There are geniuses and visionaries in the upper ranks, but there simply aren't enough Elon Musks to go around.
post #4454 of 6609
Quote:
Originally Posted by Magick Man View Post

The modern issue is money, the right people don't have enough of it. In our capitalist society, it's required to make anything work. I'm not talking about little "m" money, like regular folks have (I'm including myself there), I mean capital "M" money, where you need to be in control of 11 figures just to see what's going on, let alone play.

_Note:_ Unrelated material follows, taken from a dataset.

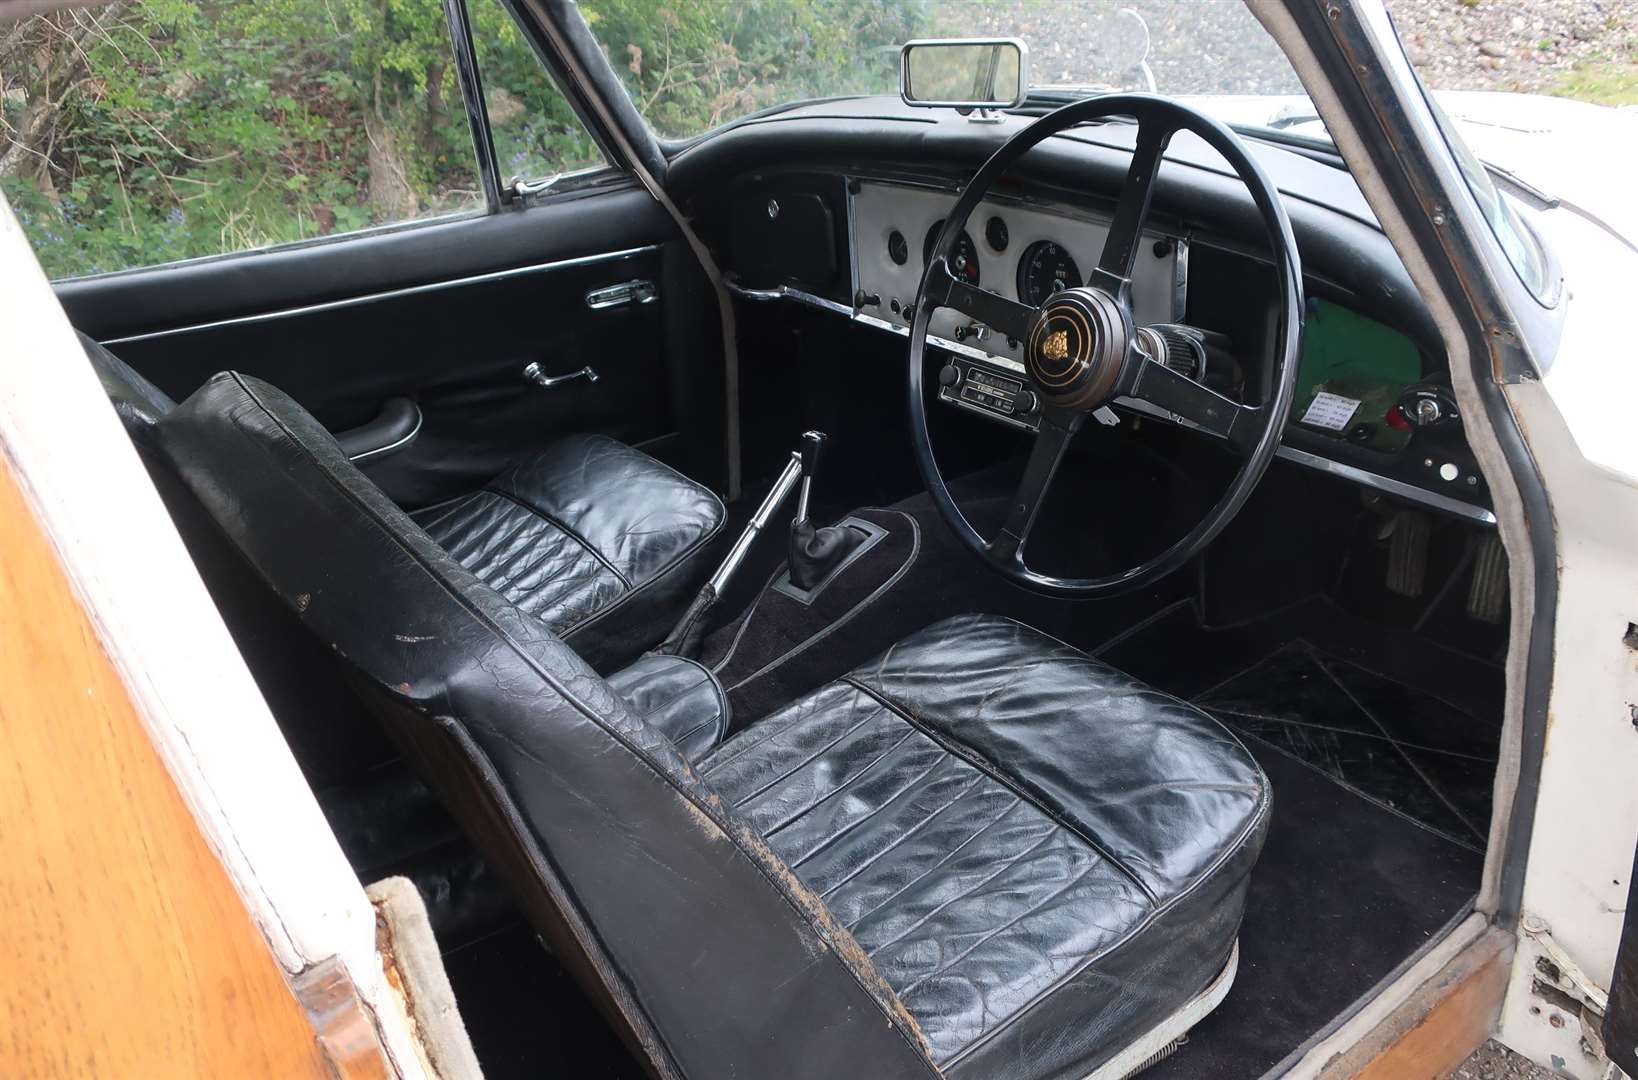 A look inside this one-of-a-kind car

Despite being a devout Libertarian, even I know that space exploration is dead if the corporations alone are going to fund it (unless they find out there's intelligent life in Europa, then they'll be there in 7 years to sell them Coke and iPhones).

There are geniuses and visionaries in the upper ranks, but there simply aren't enough Elon Musks to go around.

Just watched Europa Report did you? How many tentacles can you hold a Red Bull in?

 

I love the use of the word control. Because it really is not how much money you may have but how much you indeed can control that has an effect. I'm still a little more concerned over the global distribution of money right now than most folks are and really am alarmed at how little intelligence is being applied into tracking that distribution. Somewhere along the line there seems to have been a large self imposed blind spot erected where nobody actually wants to know the whole picture here. When the worlds governments have that kind of fear, where the hell does that leave us?

post #4455 of 6609
As an accountant and someone who deals with lawyers all the time, don't come running when you are being investigated by the IRS or facing charges of a criminal nature. Deal with them yourselves and report back although I agree that lawyers do get paid a lot.